Crop Progress - State Stories

IDAHO: The Statewide temperatures in Idaho for the month of January were normal to above average throughout the State. This marked the continuation of a mild winter in the State of Idaho. Calving progressed well across the State and hay stocks were in good shape. So far, winter 2021 had not put much stress on livestock or winter cereals. The mild weather also had not put much pressure on hay stocks. While there was snow on the ground in central and eastern Idaho, most of the big storms missed the State in January. The consensus was there needed to be more snow to improve the water outlook for crop year 2021.

MONTANA: This report for Montana is for the entire month of January 2021. Topsoil moisture 14% very short, 43% short, 42% adequate, 1% surplus.
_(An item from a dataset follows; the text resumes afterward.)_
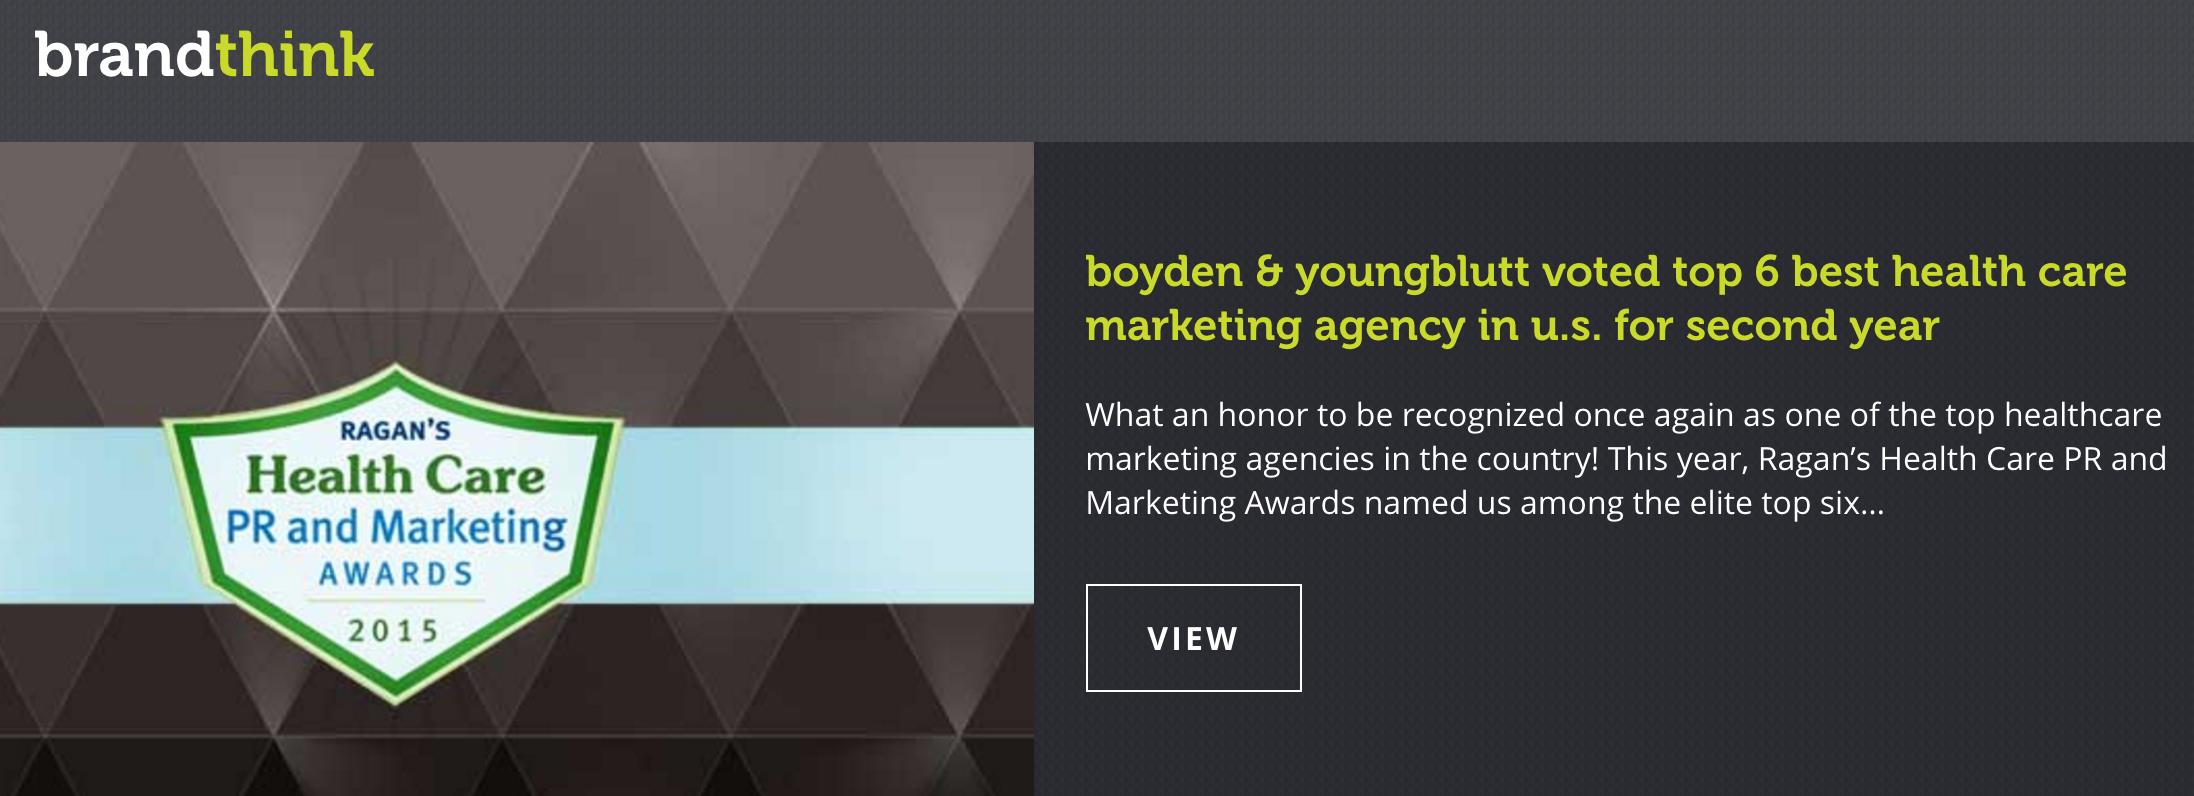 BrandThink | Boyden & Youngblutt - Marketing & Advertising Agency

Subsoil moisture 9% very short, 42% short, 47% adequate, 2% surplus. Winter wheat - condition 1% very poor, 4% poor, 27% fair, 62% good, 6% excellent. Winter wheat – wind damage 64% none, 25% light, 9% moderate, 2% heavy. Winter wheat – freeze and drought damage 86% none, 10% light, 3% moderate, 1% heavy. Winter wheat – protectiveness of snow cover 71% very poor, 26% poor, 3% fair. Pasture and range - condition 14% very poor, 28% poor, 46% fair, 10% good, 2% excellent. Livestock grazing accessibility – 85% open, 9% difficult, 6% closed. Livestock receiving supplemental feed – cattle and calves 92% fed. Livestock receiving supplemental feed – sheep and lambs 96% fed. The month of January was windy and dry for the State of Montana, according to the Mountain Regional Field Office of the National Agricultural Statistics Service, USDA. Reporters across the State noted a lack of precipitation and high winds throughout the month of January. Temperatures across the State were higher than the daily historical averages for a majority of the month. High temperatures ranged from the mid-20s to the mid-60s. Low temperatures ranged from the mid-30s to the teens. According to the U.S. Drought Monitor, approximately 81 percent of Montana is abnormally dry or in a current state of drought, with about 8 percent of the State in severe or extreme drought.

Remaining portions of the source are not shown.